In the early 19th century, the primary mode of transportation to much of the interior of what is now Ontario was by boat, along our lakes and rivers.
When the colonial government provided free land grants to settlers — primarily British immigrants and Loyalists arriving after the American Revolution — they wanted to ensure users of the waterways would have free access to the shores.
As a result, almost all land grants fronting onto navigable lakes and rivers after about 1850 reserved a 66-foot allowance for a public shore. Ownership of those shore road allowances was eventually transferred to local municipalities.
In today’s very hot cottage real estate market, shore road allowances have become very important to owners of waterfront properties. Some municipalities are willing to sell them to cottagers at a range of price points. And some are not for sale.
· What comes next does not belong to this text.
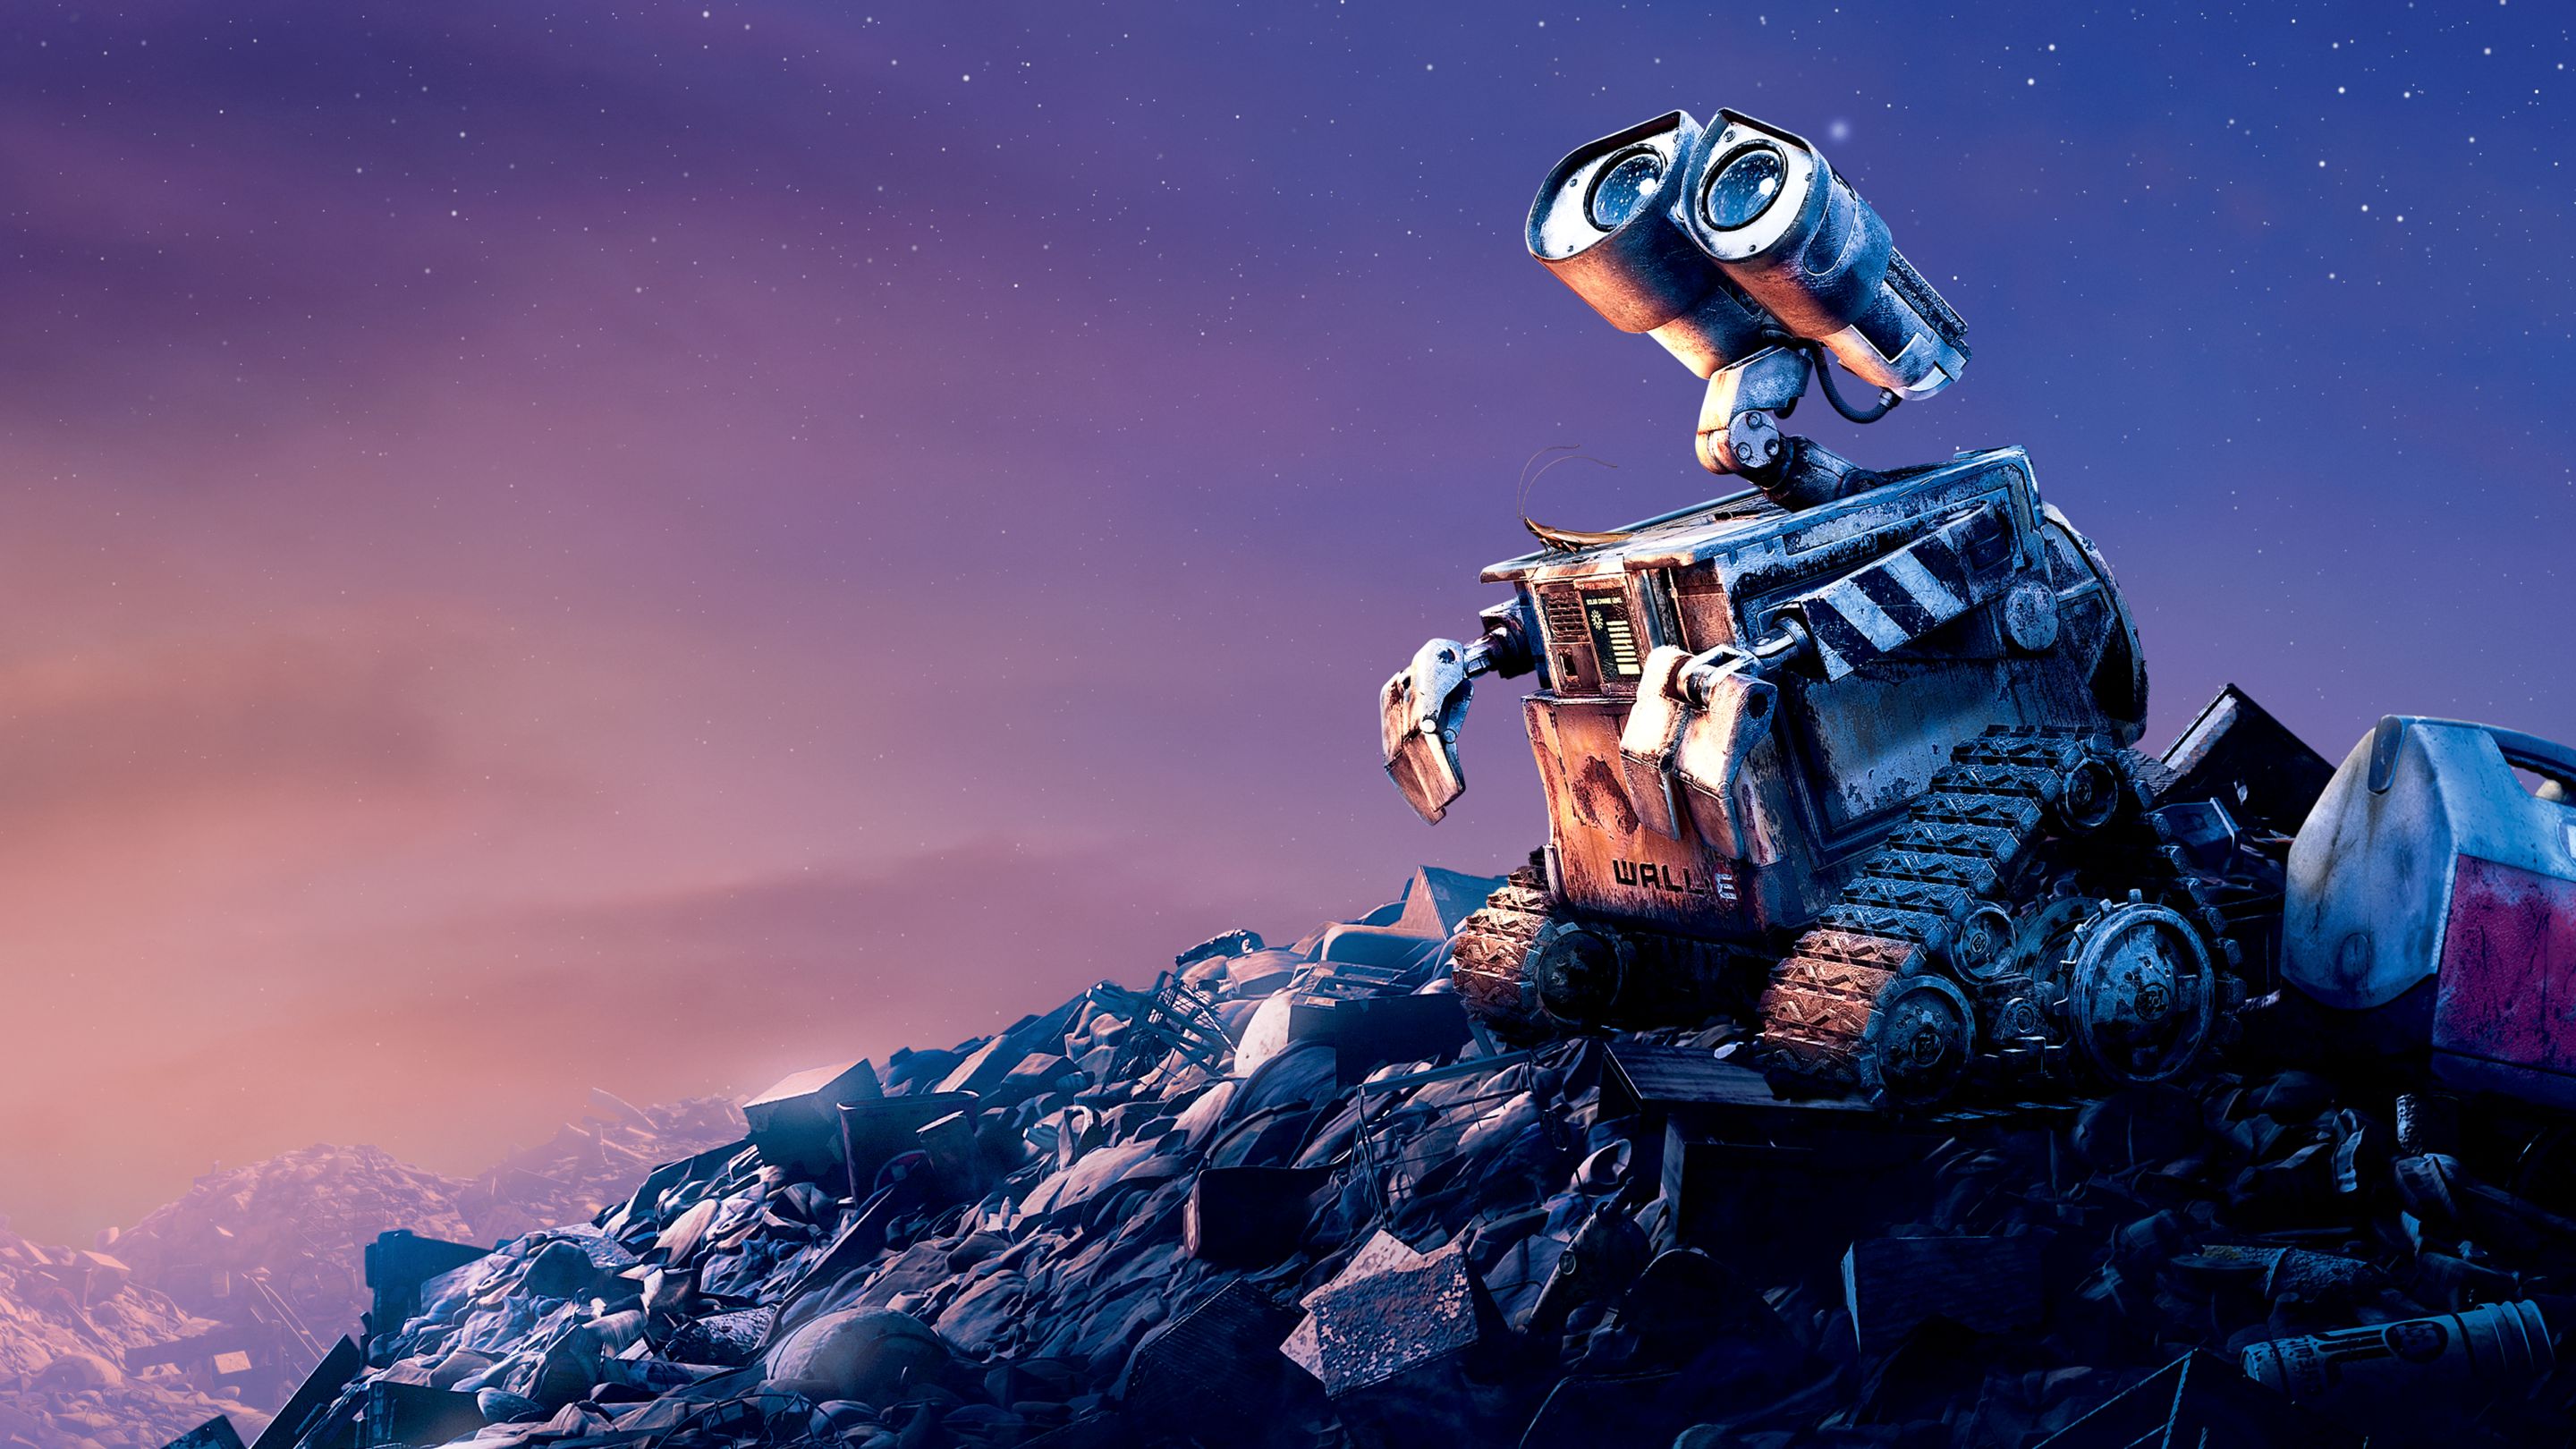 Top 10 reasons why we love Wall-E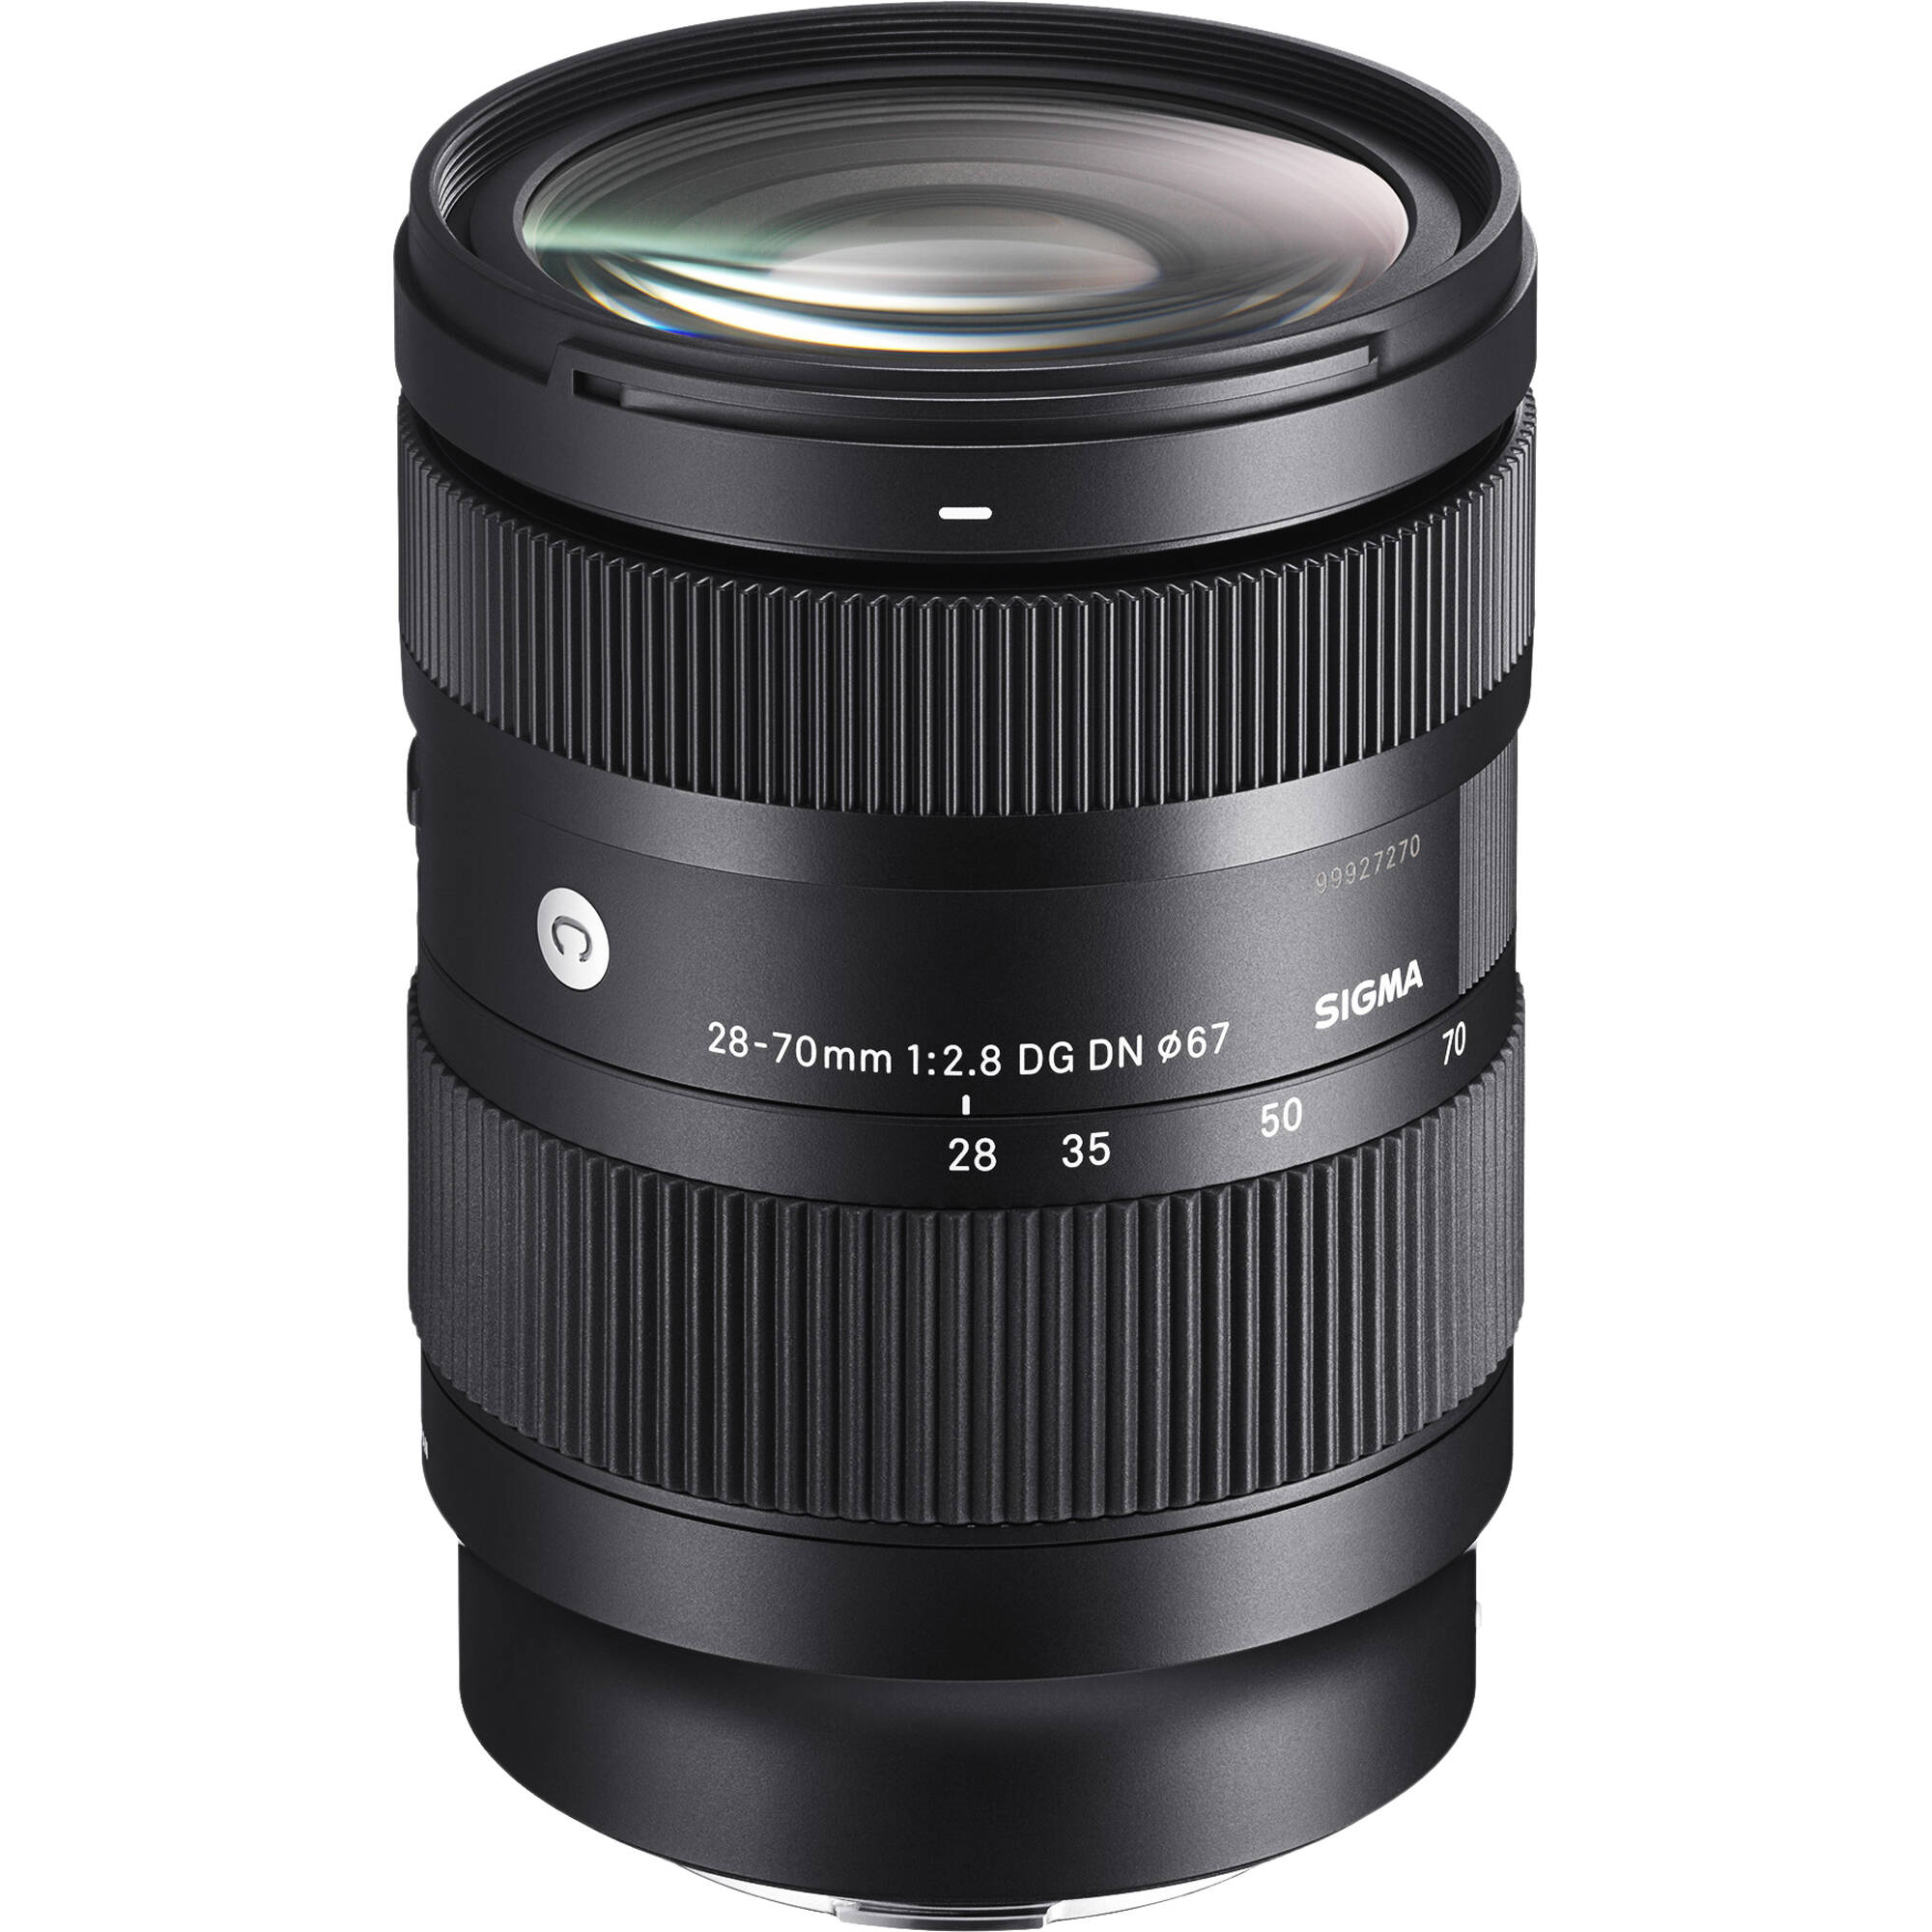 TThumbnail image for Sigma 28-70mm F2.8 DG DN Contemporary L mount

So it is important for buyers of Ontario lakefront properties to determine, first, whether ownership of the land extends to the water’s edge, and second, whether any cottage, dock or boathouse is sitting on public land. This makes it essential for cottage buyers to have a land survey.
This was a lesson one cottage owner learned the hard way back in 1989.
Mary Holmes bought a cottage on the shore of Lake Huron from Barry Walker for $170,000. It was built in the mid-1930s on a lot with a 50-foot lake frontage and a depth of 140 feet.
Four years later, Holmes arranged for a survey of the land. It was only then she learned that as much as 99 per cent of the cottage had been constructed on the municipal shore road allowance — which she did not own. The cottage had been built by Walker’s father, and there was no indication Walker knew he never owned the land beneath the building.
The local township refused to sell the shore road to her, but offered to lease it for $25 a year. Because of the age and structure of the building, it was not practical to move it back on the lot away from the shore.
Eventually, Holmes applied to the court for an order rescinding the purchase which had taken place four years earlier. She based her case entirely on an old common-law principle involving an erroneous assumption where both a buyer and seller made a mistake about some fundamental quality of the land being sold.
The courts have defined this principle as an error so essential that it goes to the real identity and character of the subject matter of the contract.
Holmes thought she was buying, and Walker thought he was selling, land with a cottage. In fact, the transaction involved a lot without a building even though both parties acted in good faith.
In October, 1997, after hearing arguments, Judge Archie Campbell ruled that rescinding the agreement was not automatic and he denied Holmes her remedy. He found that she “caused the problem by failing to get a survey before closing when it was such an obvious, easy and prudent thing to do.”
The Court of Appeal later agreed.
It’s an important lesson for purchasers, especially of cottage properties: always get an up-to-date land survey.